Content starts

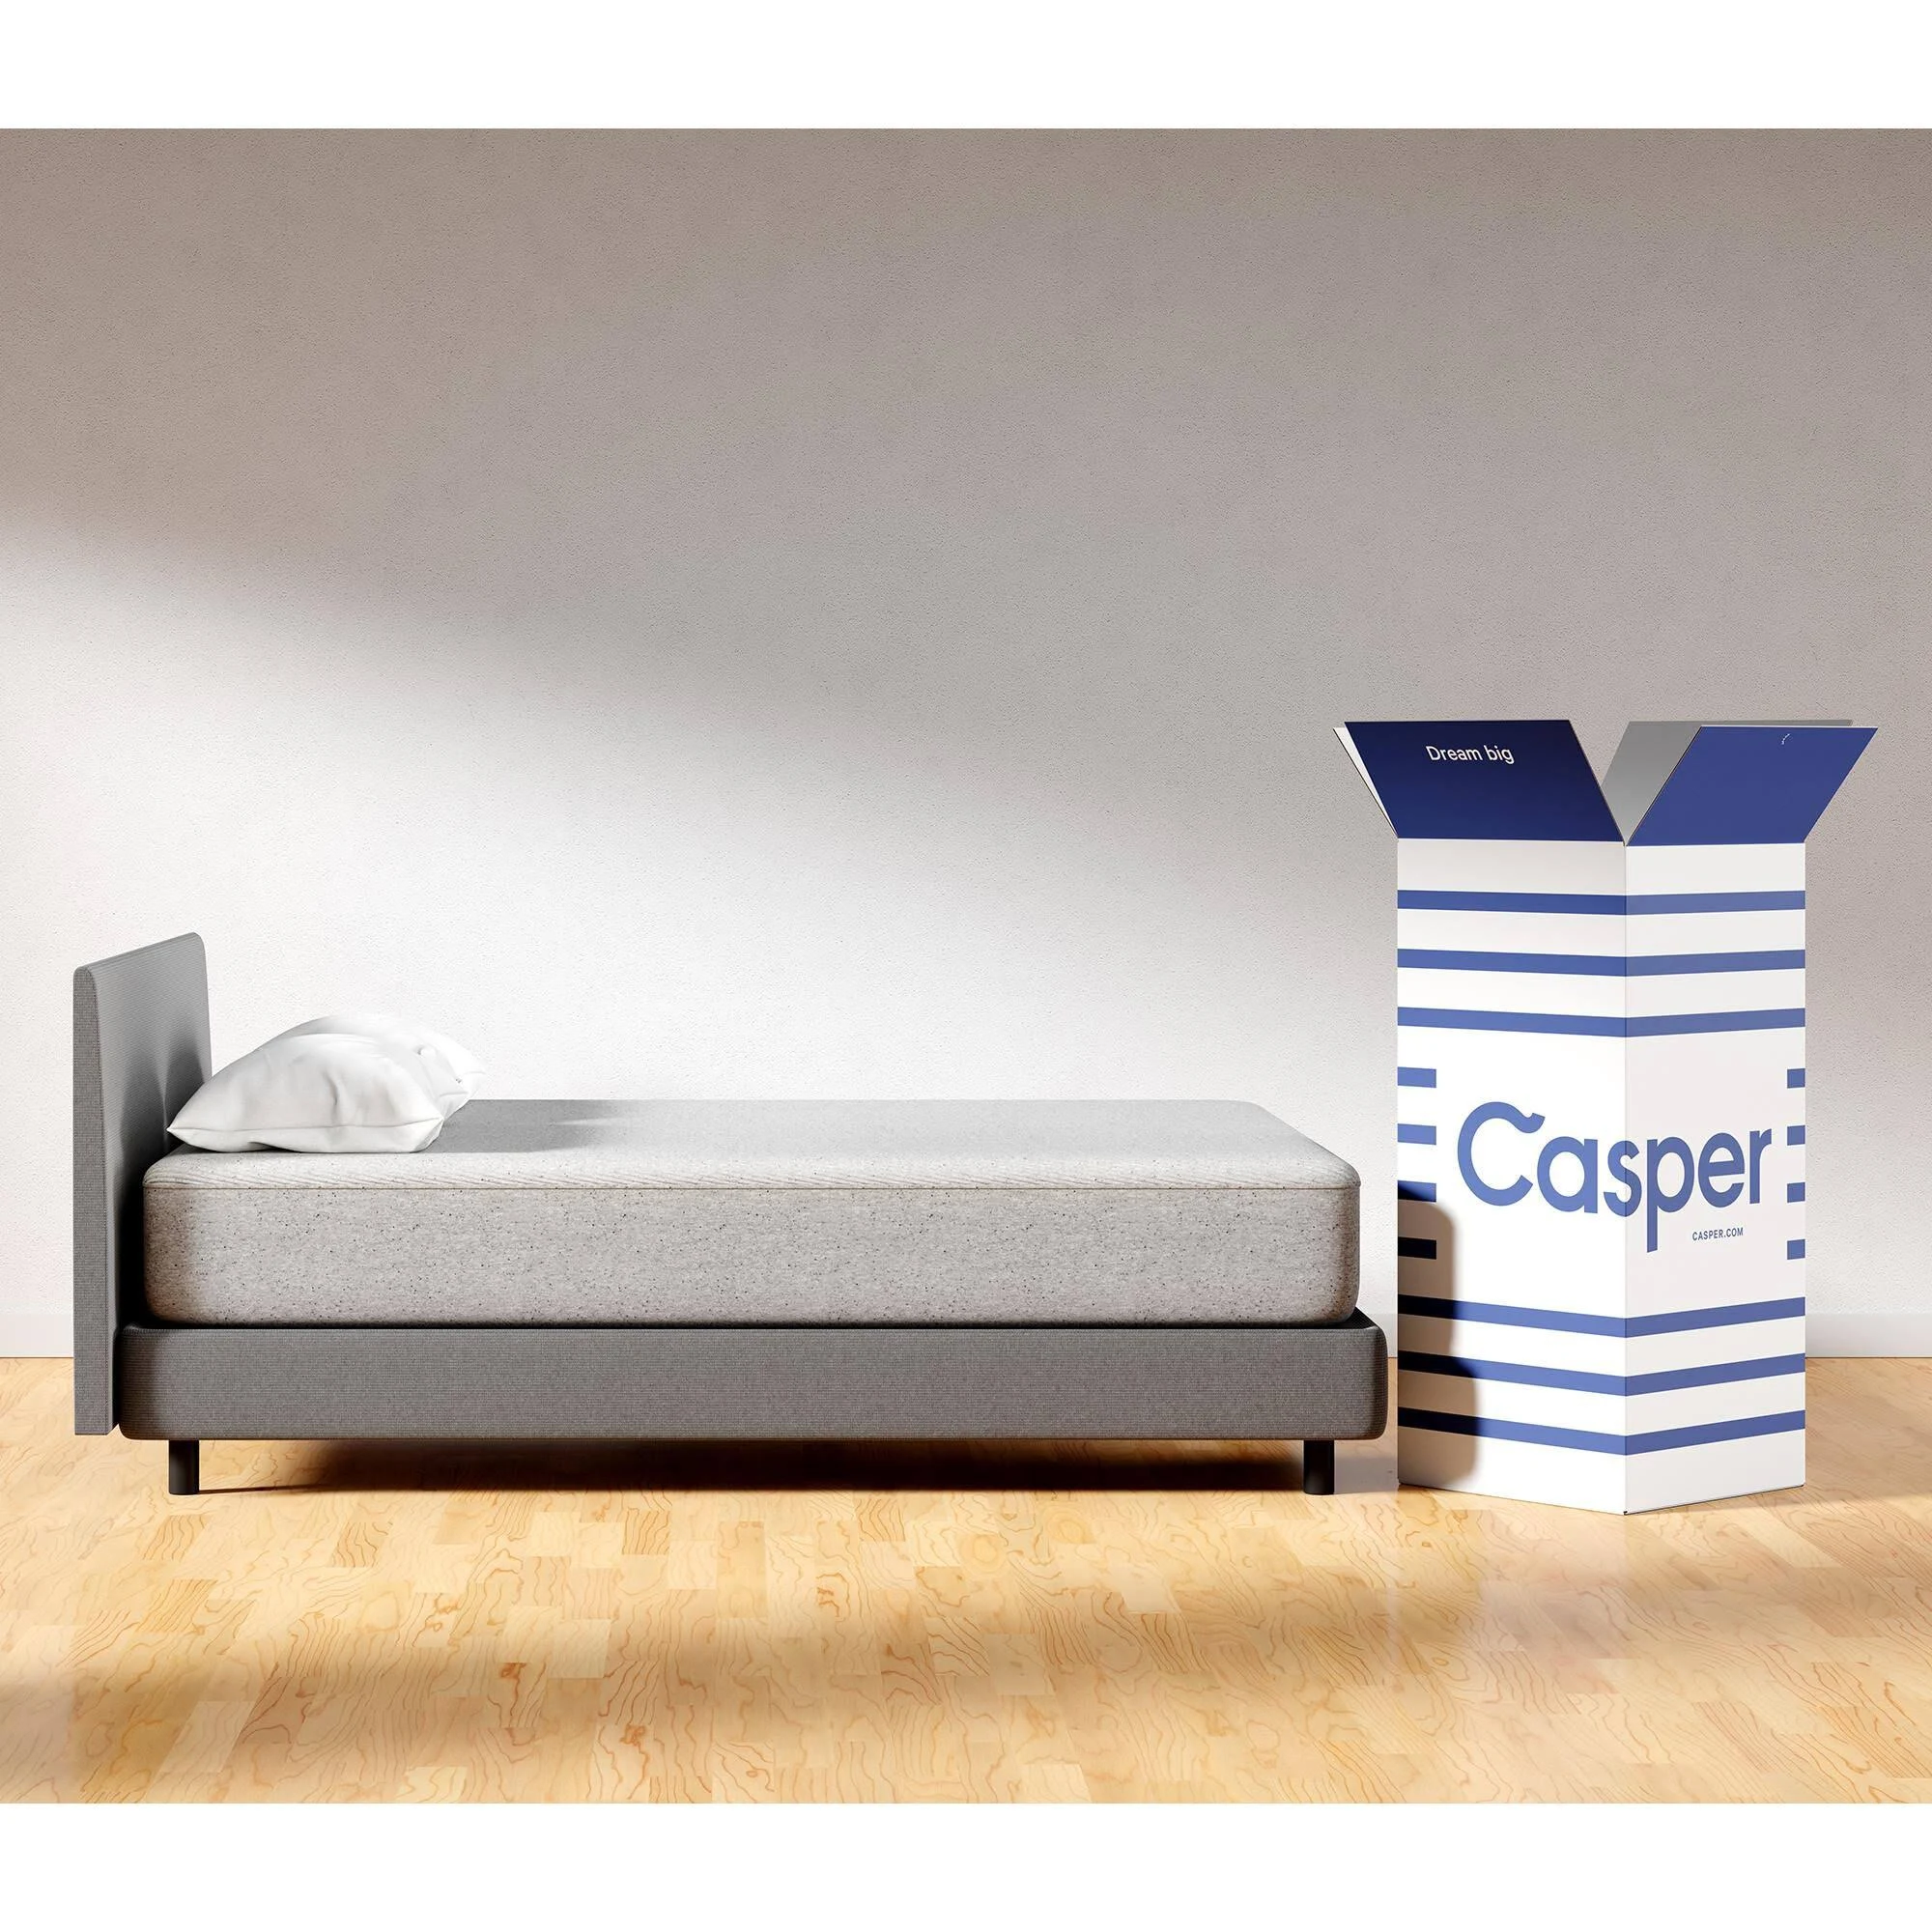 Casper Original Foam Mattress, Twin
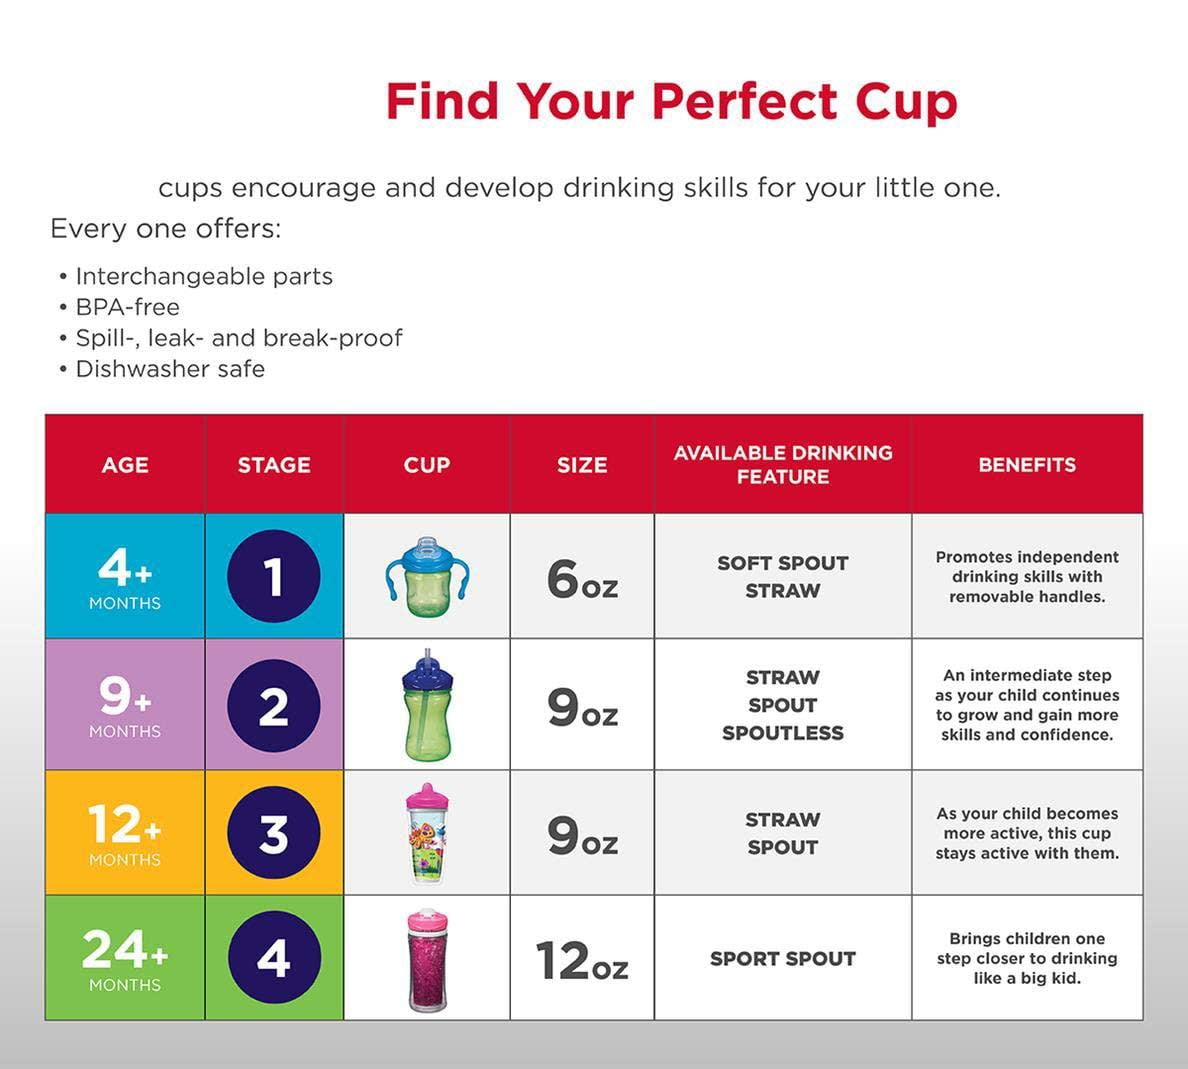 Playtex® Stage 3 Milk & Water Cups – PlaytexBaby
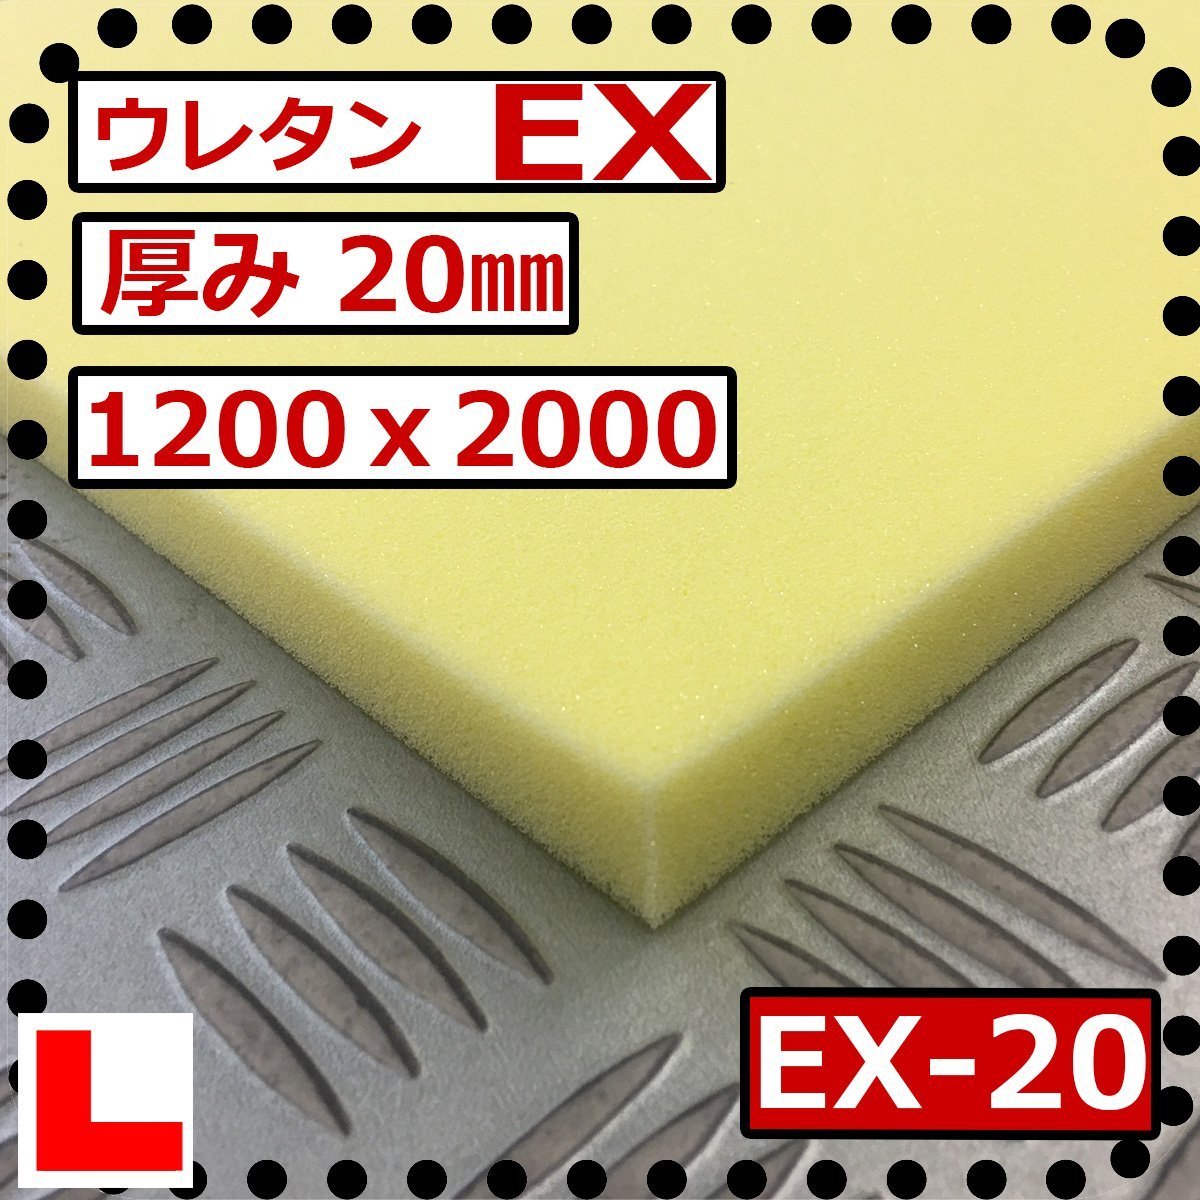 ウレタンフォーム【EX 硬度硬くしっかり】1200ｘ2000mm【厚さ20mm
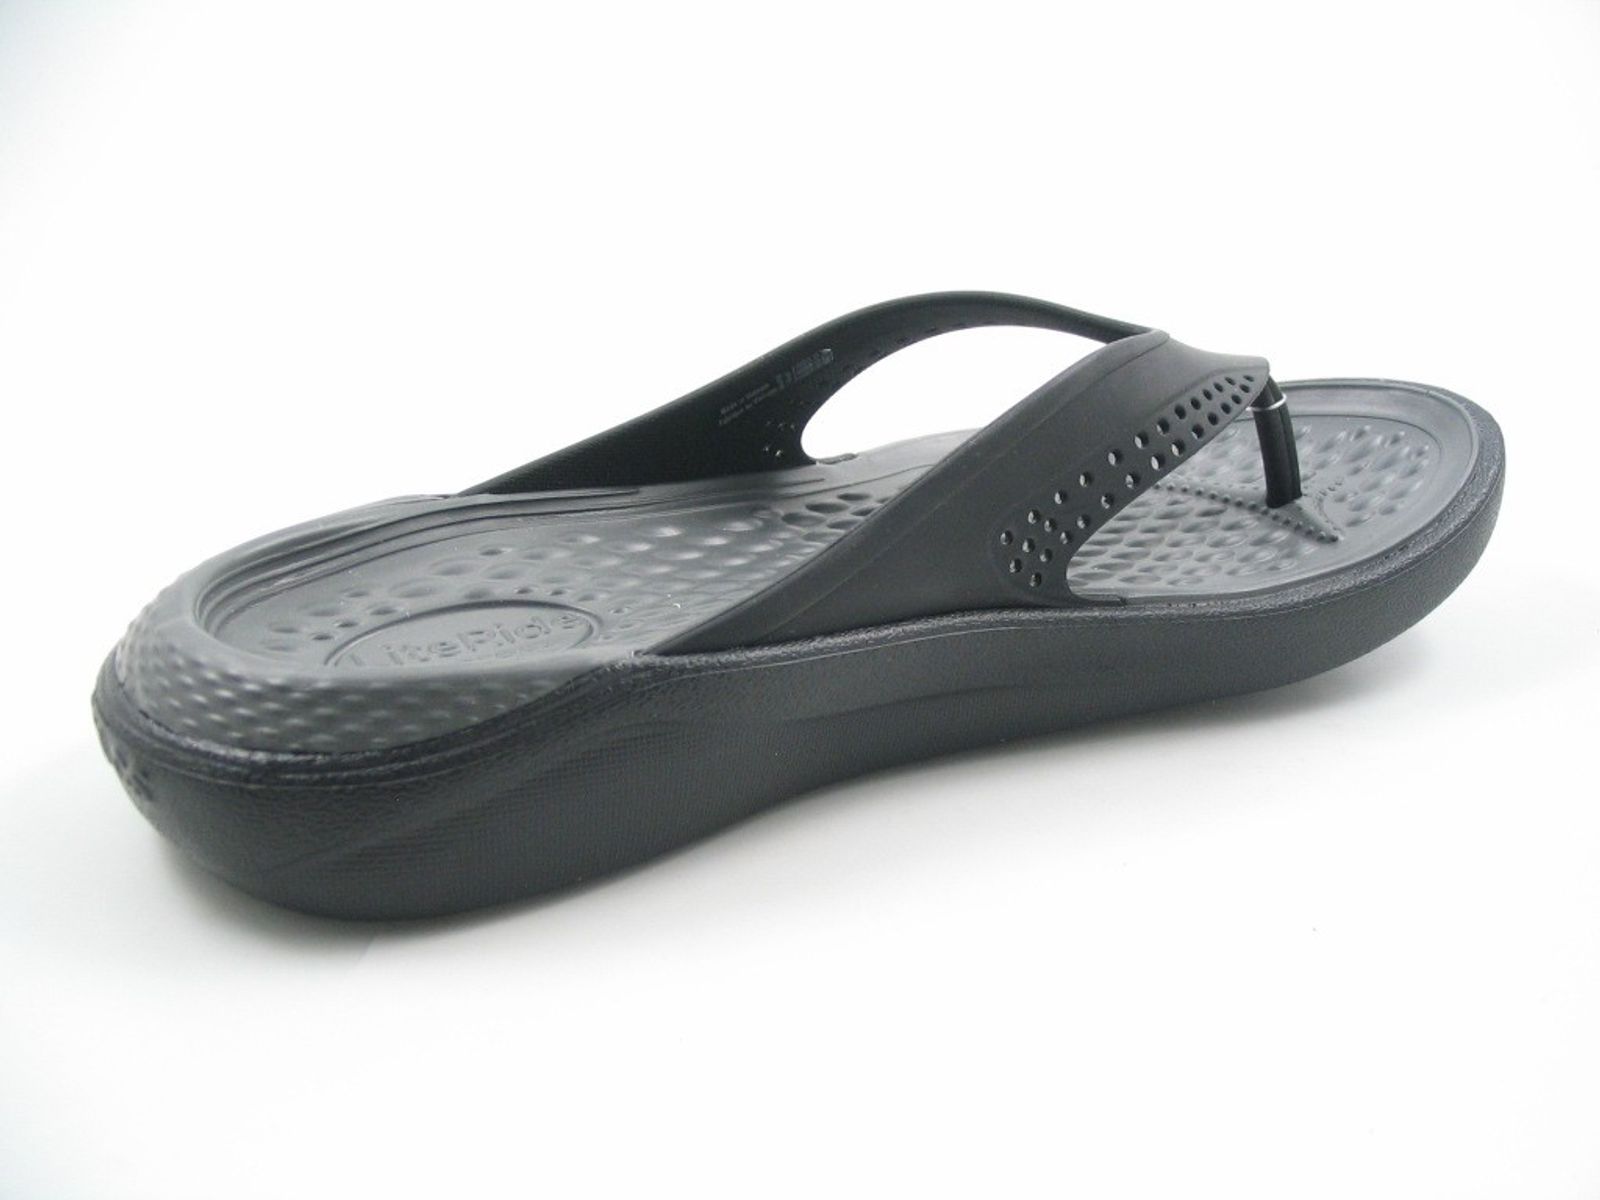 Schuh von Crocs, 43
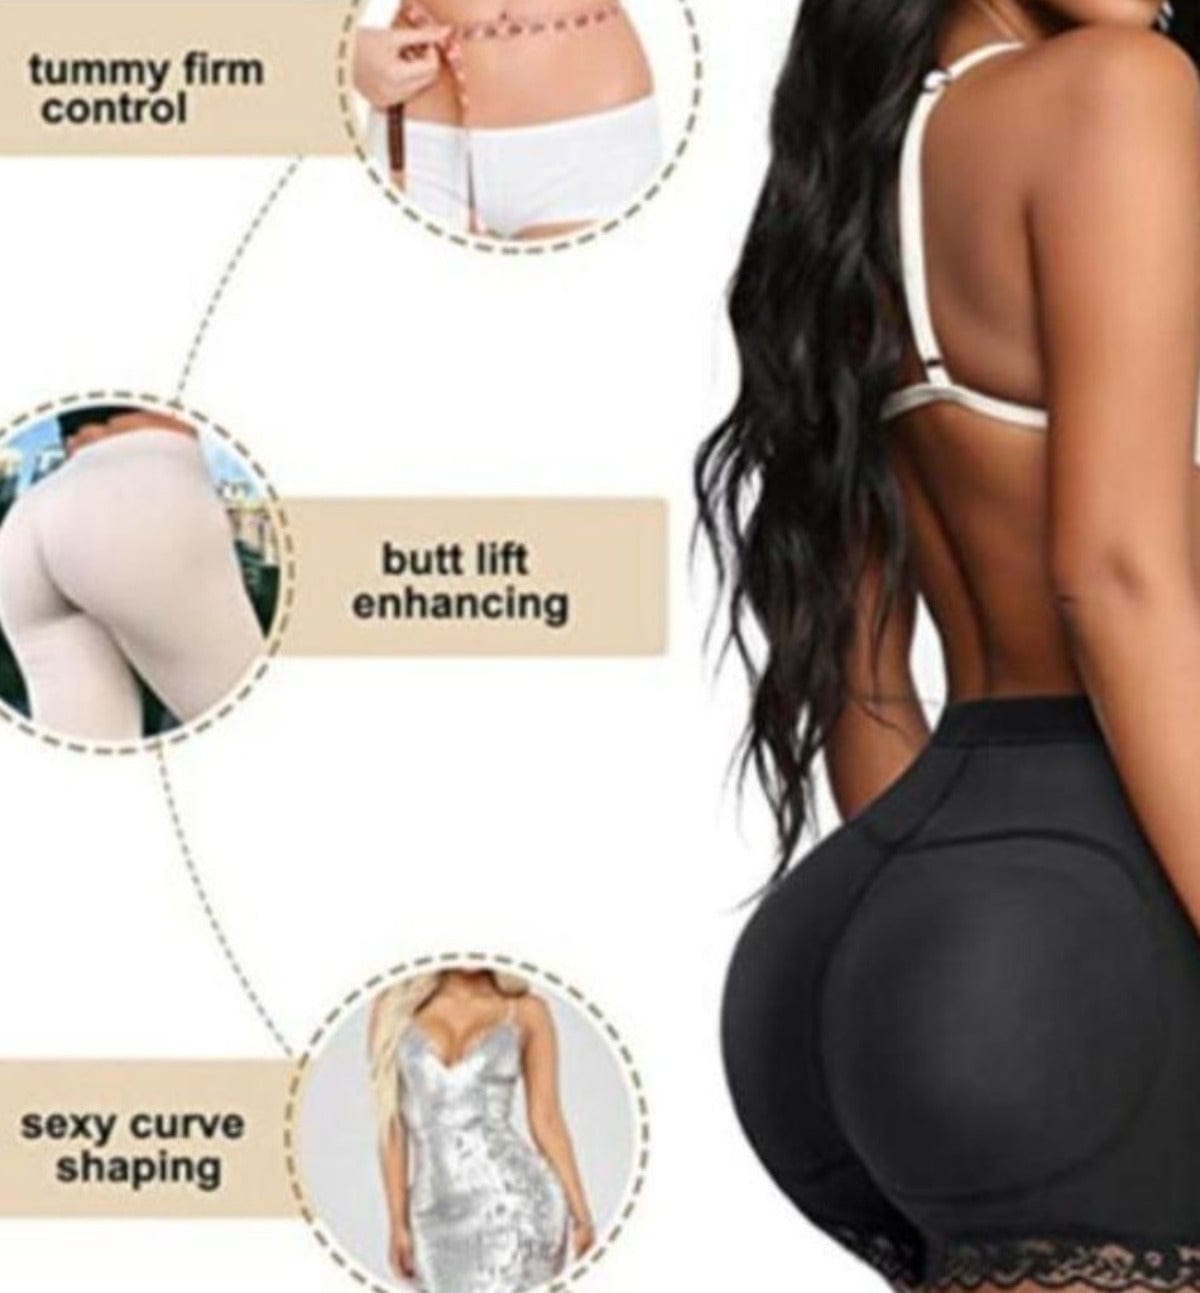 Body Shaper Women's Underwear Panties For Women Butt Shaper - Sculpify™️

Content ends

What you have to do | Go through the listing above and quote it exactly, apart from its images.

Exercise output |
 Casper Original Foam Mattress, Twin
 Playtex® Stage 3 Milk & Water Cups – PlaytexBaby
 ウレタンフォーム【EX 硬度硬くしっかり】1200ｘ2000mm【厚さ20mm
 Schuh von Crocs, 43
 Body Shaper Women's Underwear Panties For Women Butt Shaper - Sculpify™️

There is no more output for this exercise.